• Work to be completed:
Although pictures appear in the data, the answer should contain only the lines from its start through the line with "The table has", written out exactly.
Top of Data section
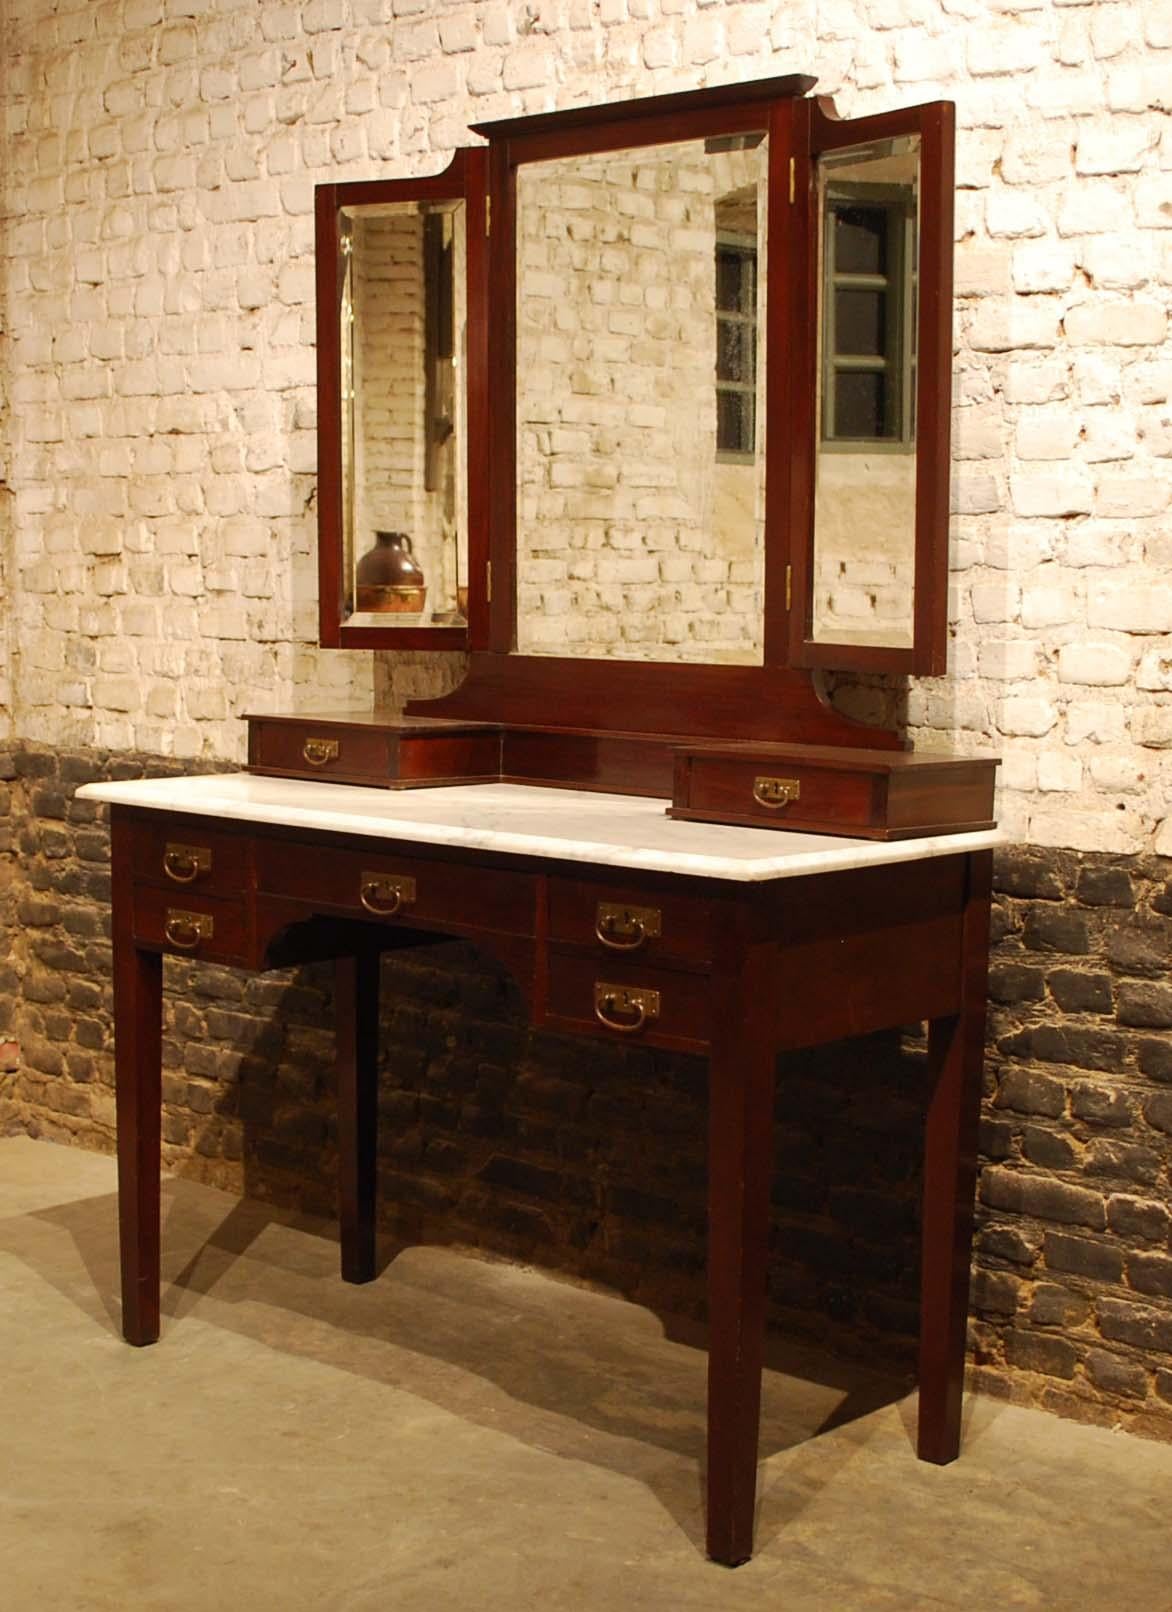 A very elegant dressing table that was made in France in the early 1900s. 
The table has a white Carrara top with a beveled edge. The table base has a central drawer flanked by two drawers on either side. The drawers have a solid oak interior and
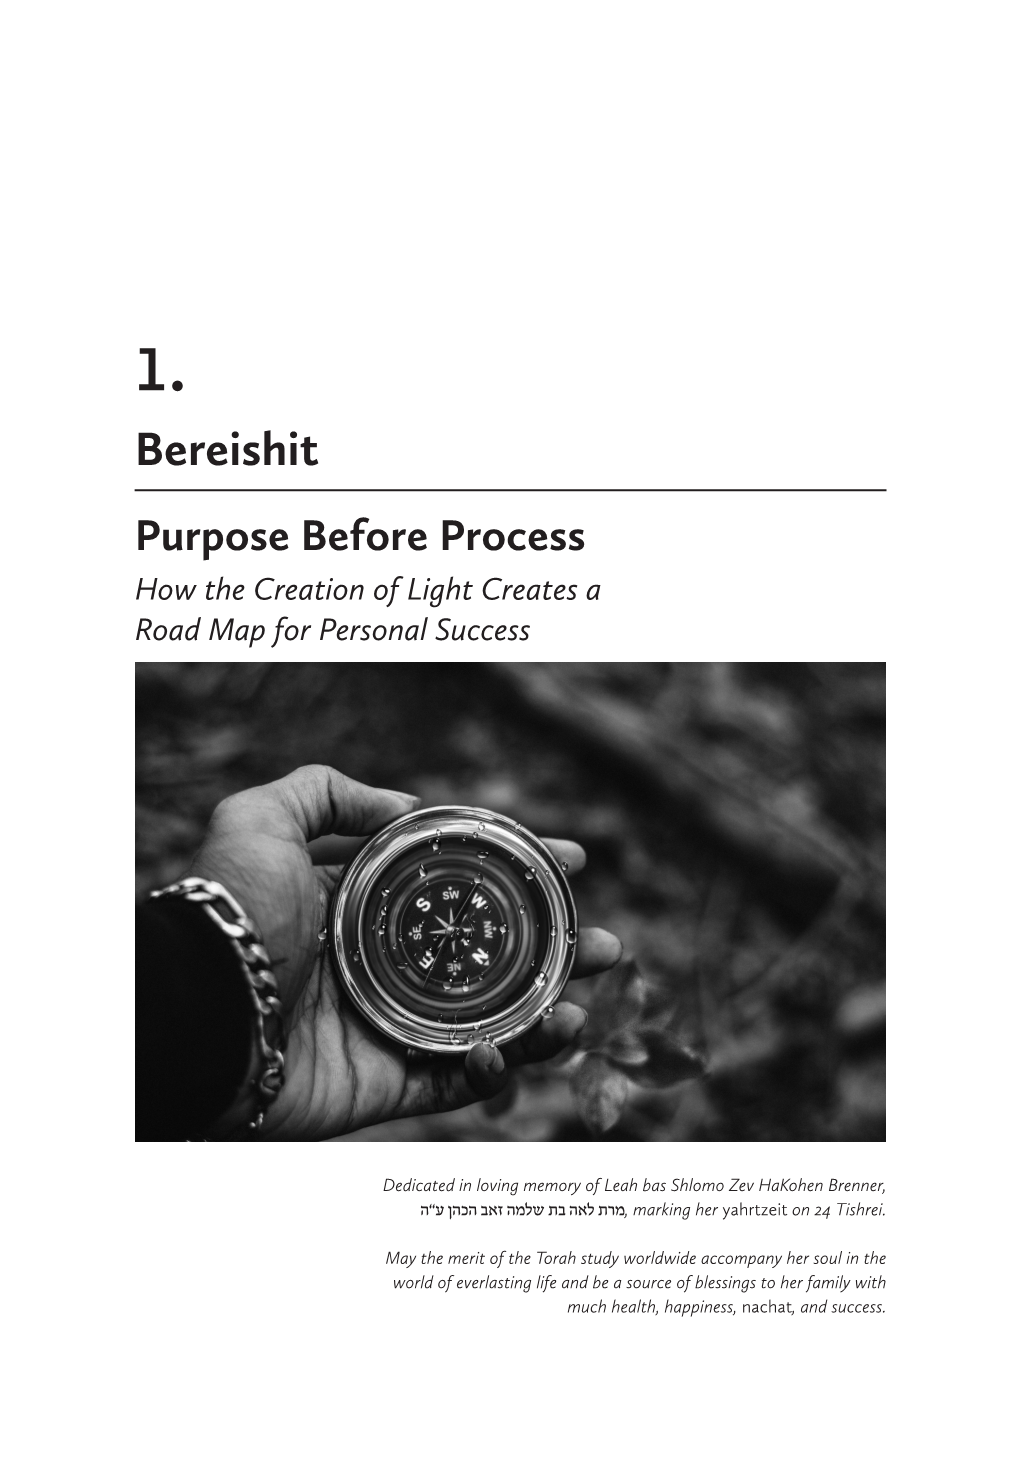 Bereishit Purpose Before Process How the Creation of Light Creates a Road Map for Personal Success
Bottom of Data section
• Solution:
 A very elegant dressing table that was made in France in the early 1900s. 
The table has a white Carrara top with a beveled edge. The table base has a central drawer flanked by two drawers on either side. The drawers have a solid oak interior and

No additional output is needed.